Take each line from the entries that holds "your" and copy it out.

::: Input for this task :::

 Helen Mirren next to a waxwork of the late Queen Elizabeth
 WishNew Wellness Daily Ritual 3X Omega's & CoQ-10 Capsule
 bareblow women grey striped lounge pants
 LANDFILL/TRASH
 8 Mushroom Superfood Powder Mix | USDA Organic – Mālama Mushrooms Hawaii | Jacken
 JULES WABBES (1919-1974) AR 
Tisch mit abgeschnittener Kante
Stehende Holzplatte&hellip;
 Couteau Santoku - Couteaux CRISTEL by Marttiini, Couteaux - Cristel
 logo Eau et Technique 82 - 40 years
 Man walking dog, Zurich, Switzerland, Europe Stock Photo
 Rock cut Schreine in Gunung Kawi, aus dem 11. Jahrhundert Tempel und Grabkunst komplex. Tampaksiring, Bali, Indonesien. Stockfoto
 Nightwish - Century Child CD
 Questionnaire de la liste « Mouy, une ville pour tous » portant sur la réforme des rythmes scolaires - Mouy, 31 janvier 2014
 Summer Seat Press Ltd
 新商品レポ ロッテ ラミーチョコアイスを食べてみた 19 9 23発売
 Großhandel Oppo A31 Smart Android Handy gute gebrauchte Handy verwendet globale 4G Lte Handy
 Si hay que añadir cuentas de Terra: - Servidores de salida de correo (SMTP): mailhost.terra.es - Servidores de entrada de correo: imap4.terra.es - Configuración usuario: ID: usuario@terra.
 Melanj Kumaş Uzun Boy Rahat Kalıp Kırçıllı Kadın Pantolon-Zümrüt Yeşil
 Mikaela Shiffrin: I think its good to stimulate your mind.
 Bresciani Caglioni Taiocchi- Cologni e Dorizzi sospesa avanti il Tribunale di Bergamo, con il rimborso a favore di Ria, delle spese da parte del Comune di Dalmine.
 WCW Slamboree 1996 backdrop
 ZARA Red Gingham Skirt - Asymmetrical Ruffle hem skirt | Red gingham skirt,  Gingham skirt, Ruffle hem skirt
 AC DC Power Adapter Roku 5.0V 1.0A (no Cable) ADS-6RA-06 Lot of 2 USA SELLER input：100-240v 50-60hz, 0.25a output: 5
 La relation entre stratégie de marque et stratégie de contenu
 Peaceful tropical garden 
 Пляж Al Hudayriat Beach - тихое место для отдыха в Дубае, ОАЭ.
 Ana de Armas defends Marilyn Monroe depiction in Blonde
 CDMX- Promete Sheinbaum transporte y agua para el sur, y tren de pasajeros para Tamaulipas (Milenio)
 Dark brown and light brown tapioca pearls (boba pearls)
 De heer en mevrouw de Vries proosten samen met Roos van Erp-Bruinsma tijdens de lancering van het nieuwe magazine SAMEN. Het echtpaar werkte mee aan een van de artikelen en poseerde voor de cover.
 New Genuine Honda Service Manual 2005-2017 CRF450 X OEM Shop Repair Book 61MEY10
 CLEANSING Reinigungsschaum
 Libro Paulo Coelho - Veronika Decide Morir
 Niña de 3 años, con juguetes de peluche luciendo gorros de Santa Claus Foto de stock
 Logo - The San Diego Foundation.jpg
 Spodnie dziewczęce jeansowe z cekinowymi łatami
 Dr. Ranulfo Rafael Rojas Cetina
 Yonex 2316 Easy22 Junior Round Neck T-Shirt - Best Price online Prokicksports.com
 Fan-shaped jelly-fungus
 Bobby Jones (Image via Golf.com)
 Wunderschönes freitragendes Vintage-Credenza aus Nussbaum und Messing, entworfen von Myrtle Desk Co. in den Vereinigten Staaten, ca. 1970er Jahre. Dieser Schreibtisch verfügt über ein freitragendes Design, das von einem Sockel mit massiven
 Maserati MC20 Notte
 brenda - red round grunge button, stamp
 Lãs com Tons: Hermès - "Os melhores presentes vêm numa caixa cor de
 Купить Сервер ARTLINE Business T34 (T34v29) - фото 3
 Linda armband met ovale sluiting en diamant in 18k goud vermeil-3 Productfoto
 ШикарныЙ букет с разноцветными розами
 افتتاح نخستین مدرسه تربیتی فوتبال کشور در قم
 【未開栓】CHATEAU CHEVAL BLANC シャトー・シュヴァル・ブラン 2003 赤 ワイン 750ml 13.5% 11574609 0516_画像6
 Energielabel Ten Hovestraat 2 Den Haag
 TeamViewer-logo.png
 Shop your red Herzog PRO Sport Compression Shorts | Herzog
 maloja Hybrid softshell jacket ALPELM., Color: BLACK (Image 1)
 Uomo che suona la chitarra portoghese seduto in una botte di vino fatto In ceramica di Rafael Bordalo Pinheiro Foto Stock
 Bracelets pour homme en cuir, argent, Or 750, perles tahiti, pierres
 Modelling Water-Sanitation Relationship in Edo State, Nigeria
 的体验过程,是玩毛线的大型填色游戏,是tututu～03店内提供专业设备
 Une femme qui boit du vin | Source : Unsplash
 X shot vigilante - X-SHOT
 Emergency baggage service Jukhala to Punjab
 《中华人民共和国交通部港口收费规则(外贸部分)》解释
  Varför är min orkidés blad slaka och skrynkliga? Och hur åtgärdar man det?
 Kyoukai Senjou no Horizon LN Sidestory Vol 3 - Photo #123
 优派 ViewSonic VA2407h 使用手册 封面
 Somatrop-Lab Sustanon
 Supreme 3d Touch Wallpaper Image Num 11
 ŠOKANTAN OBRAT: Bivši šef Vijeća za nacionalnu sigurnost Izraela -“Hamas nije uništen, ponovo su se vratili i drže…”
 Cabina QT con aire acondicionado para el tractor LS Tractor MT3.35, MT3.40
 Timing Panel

:::

Response for this exercise.
 Mikaela Shiffrin: I think its good to stimulate your mind.
 Shop your red Herzog PRO Sport Compression Shorts | Herzog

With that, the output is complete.